2. Description of the Related Art Generally, a resin molding die used for molding various resin products is formed by machining a surface of a steel material, an alloy material, a non-ferrous metal material or the like into a predetermined shape corresponding to the surface shape of the resin molded product. It is manufactured by: The resin molding die composed of such a steel material or the like has excellent durability because the steel material or the like as a base material is hard, and can be stably used for a long period of time. However,
It is not easy to machine a hard steel surface into a predetermined shape, and there is a problem that it takes a long time to machine a complicated shape or the like. For this reason, efficiency at the time of developing a new resin molded product may deteriorate, and economic efficiency may be impaired.

In recent years, instead of such a hard steel material, a resin molding die has been manufactured using a soft zinc alloy.
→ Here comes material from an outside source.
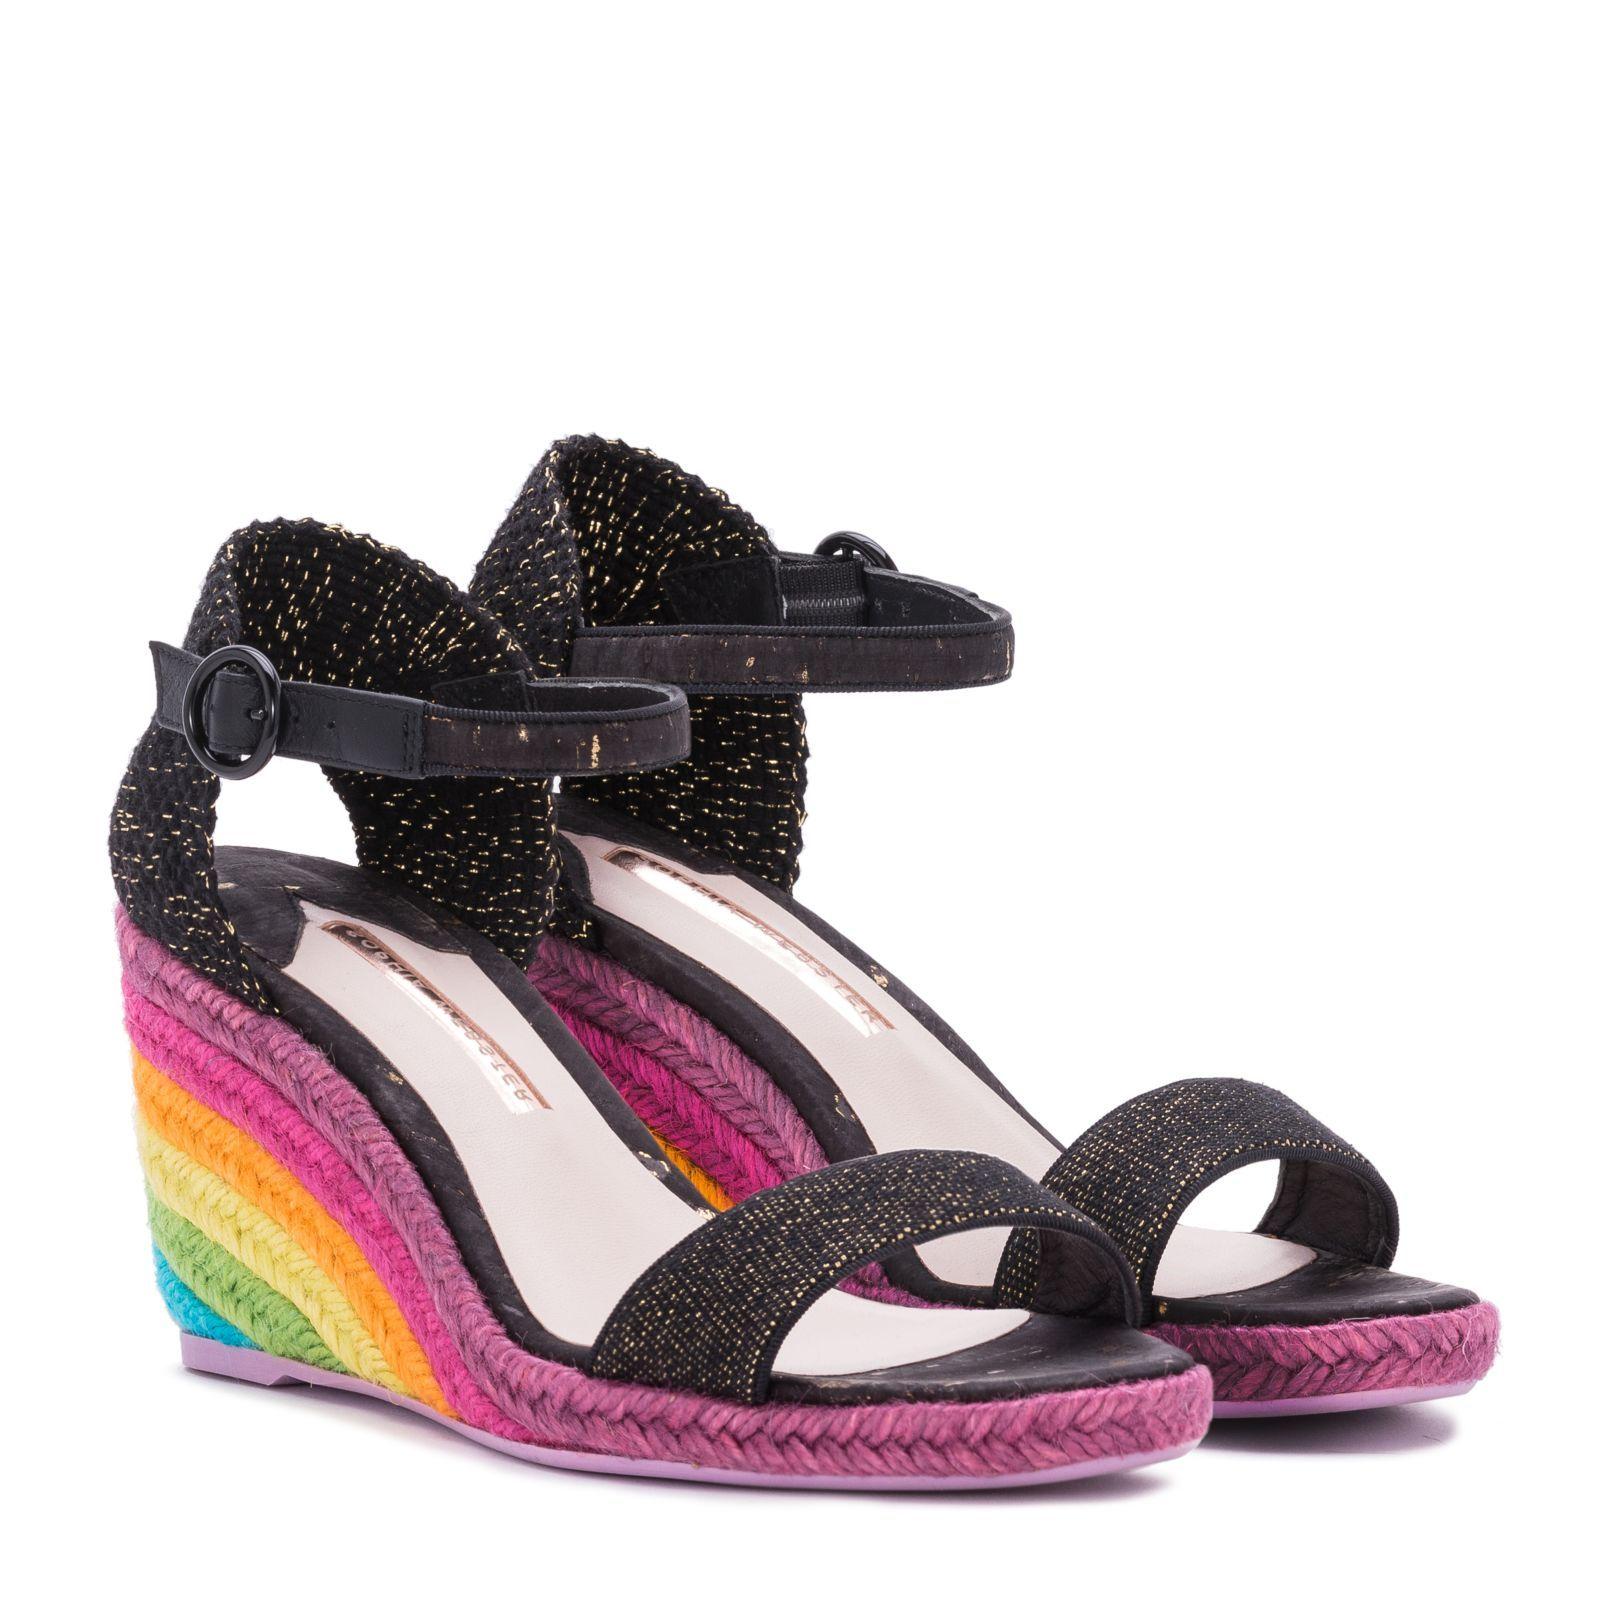 3fcb0e32125 Lucita 90mm - All Shoes - Sophia Webster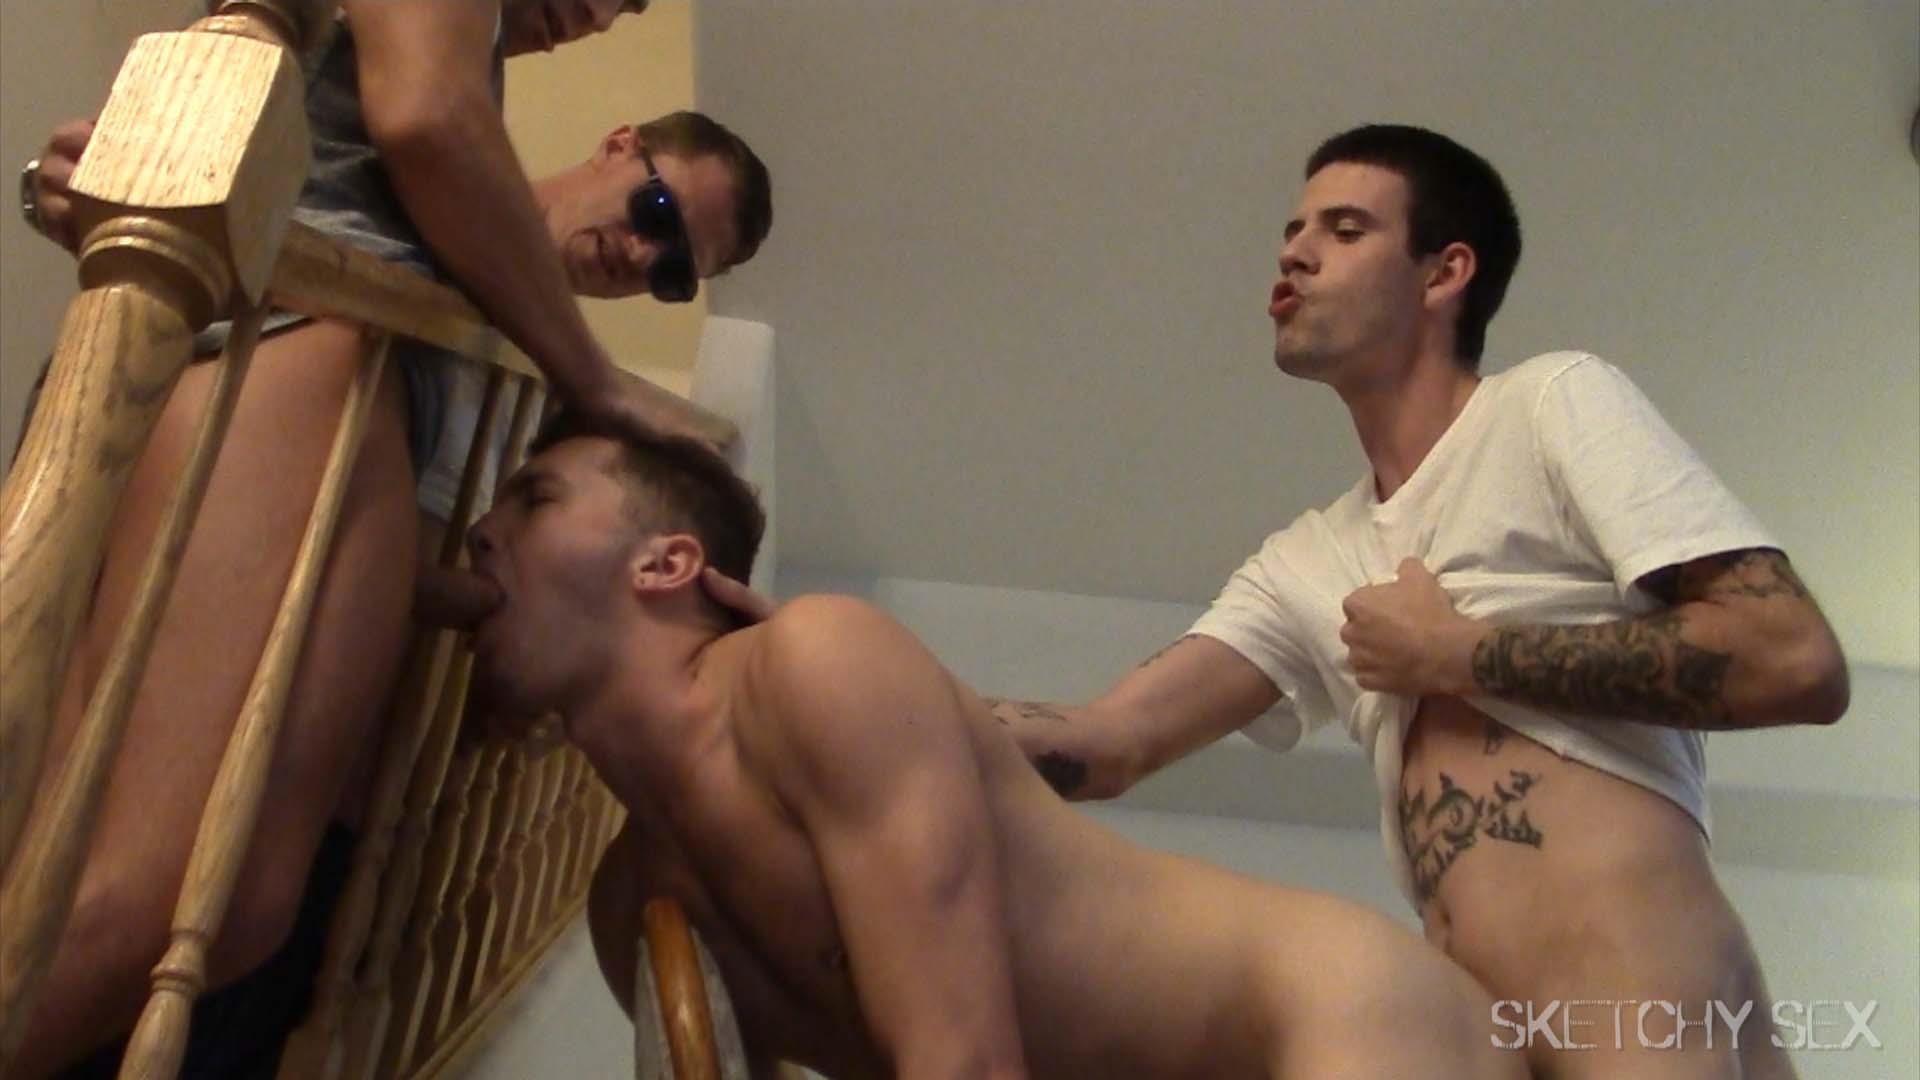 Sketchy-Sex-Bareback-Sex-Orgy-Amateur-Gay-Porn-06 All Out Bareback Sex Buffet At The Sketchy Sex Condo

In particular, a zinc alloy containing predetermined amounts of aluminum and copper (trade name “ZAPREC” manufactured by Mitsui Kinzoku Mining Co., Ltd.) is softer than steel,
It is considered to be suitable as a resin molding die material because it is easier to machine than hard steel and has excellent thermal conductivity.

[0004]

However, such a zinc alloy is soft and has poor durability because of its softness, has a shorter service life than a steel-made resin molding die, and is used stably for a long period of time. There is a problem that economic efficiency is impaired. In order to solve such a problem, it has been considered to coat the surface of the zinc alloy with an iron plating layer. However, the zinc alloy has poor adhesion to the iron plating layer, and it is not easy to form an iron plating layer having excellent adhesion on the surface of the zinc alloy.
For this purpose, for example, Japanese Patent Publication No. 7-96230 discloses that an iron electroformed shell having a predetermined molding surface shape is manufactured in advance, and a predetermined pretreatment is performed on the surface of the manufactured iron electroformed shell. Is carried out, and a method of pouring and hardening a zinc alloy which is a low melting point alloy in a molten state is disclosed. The resin molding die thus obtained has good adhesion between the zinc alloy and the iron electroformed shell, so that it can be used stably for a long period of time, and has excellent thermal conductivity. Since the alloy is used as a backup material, the molding cycle can be shortened, and the efficiency of the resin molding operation is significantly improved.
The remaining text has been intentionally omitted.